Lets go back to the beginning with just the betta tanks: You had two 6.5 tanks that were being used for Bettas and was having an ammonia issue later determined to be from the substrate. When you reduced feeding, changed the substrate and switched to Spring water, you stopped having ammonia issues. You ran out of spring water and then used your tap water which has chloramine in it and you started having ammonia issues again in the betta tank with the one fish. That fish has since died but the tank that held the one Betta is showing no ammonia, nitrite or nitrate.
Am I missing anything?
The only way you are going to reduce the nitrate level in the tank with 100 ppm nitrate is to do water changes with water with no ammonia or chloramine or do a 100% water change and replace all the water with water that has no chloramine or ammonia. Waiting is not going to make the nitrate level go down on it's own unless you have something like live plants using the nitrates. Doing a 100% water change in a tank with no fish will have no effect on the biological filter unless you leave it dry long enough for the materials to dry out. This is why you have the replacement water ready before emptying the tank.
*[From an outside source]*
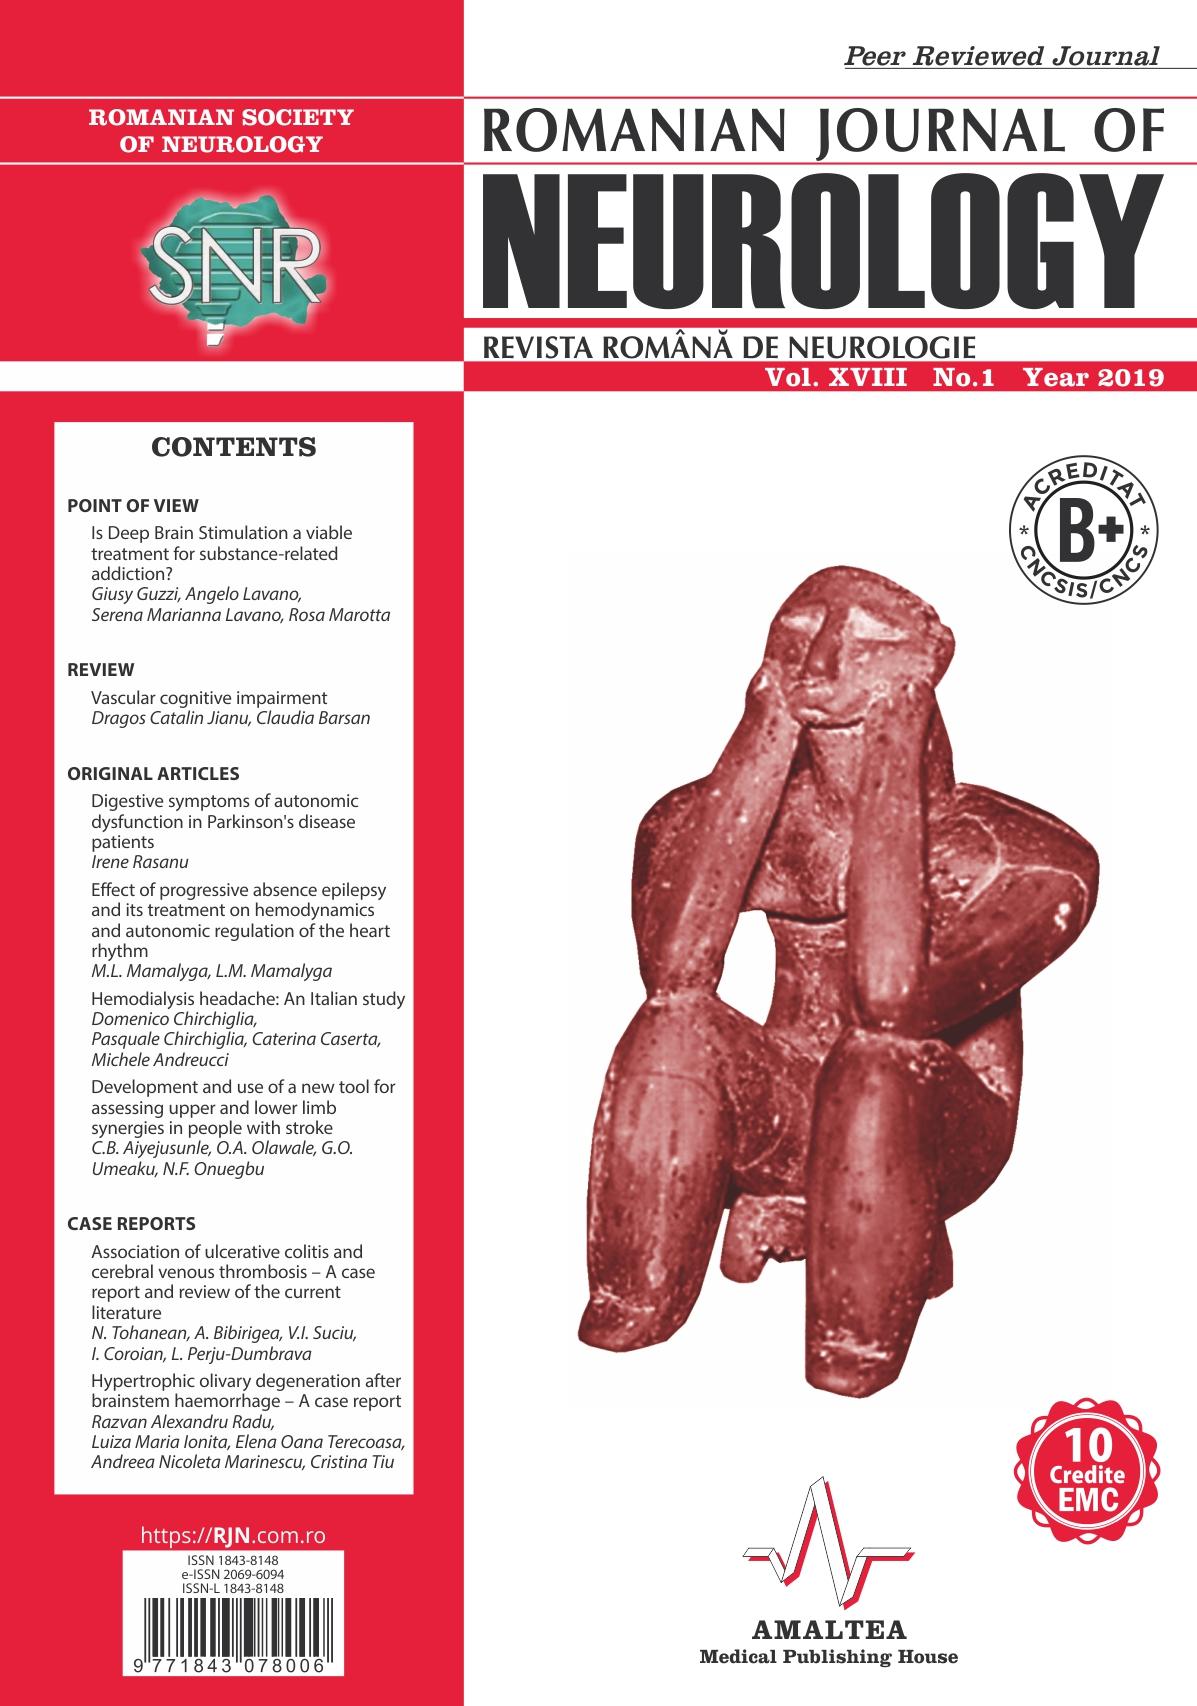 Romanian Journal of Neurology, Volume XVIII, No. 1, 2019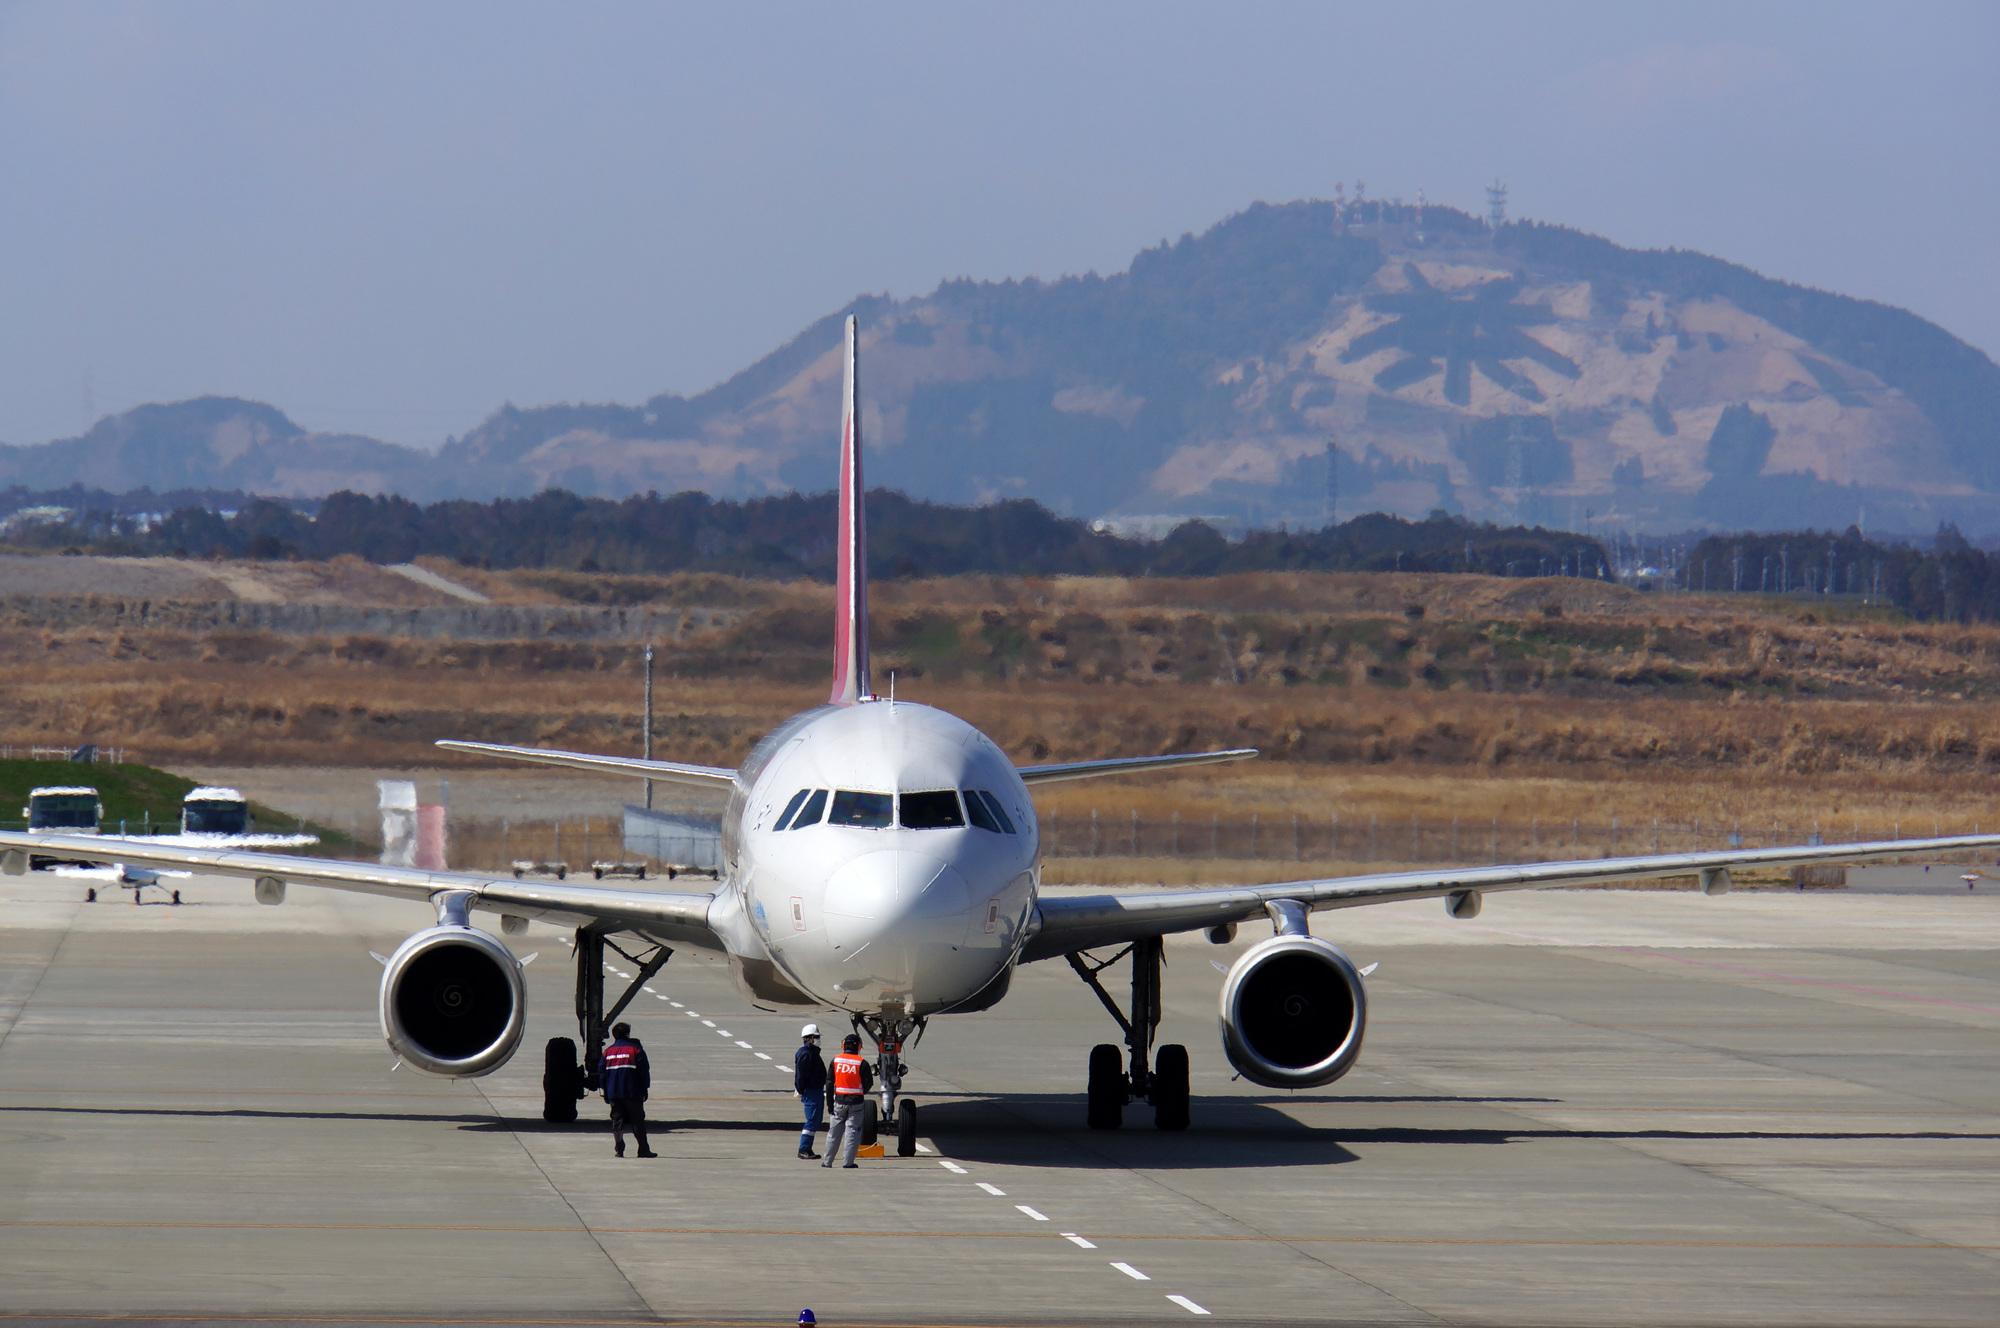 FDA(フジドリームエアラインズ)の福岡発着の便を利用した航空券の料金はどれくらい? srcset=

I did a 100 percent water change on the tank that was empty with no fish.
My ammonia reads 0. I used tap water, instead of spring water, so water was not the issue like I thought it was. Also nitrates read 0. I added the tap water to an empty tank. No, you are not missing anything. I did some test on the tank that has no fish, but had fish like one betta. I just added tap water to my other 6,5 gallon tank and ammonia is reading 0 for now. I will keep an eye out on the ammonia card I have in the tank.
If i start to have ammonia, then I will have to use only spring water. I am waiting to see if my ammonia stays at 0.
Also i will feed betta 2wice a day, someone here told me to do that, so betta is not starving. Tanks are ready for betta. At least I hope so. I will keep an eye out for nitrates and ammonia.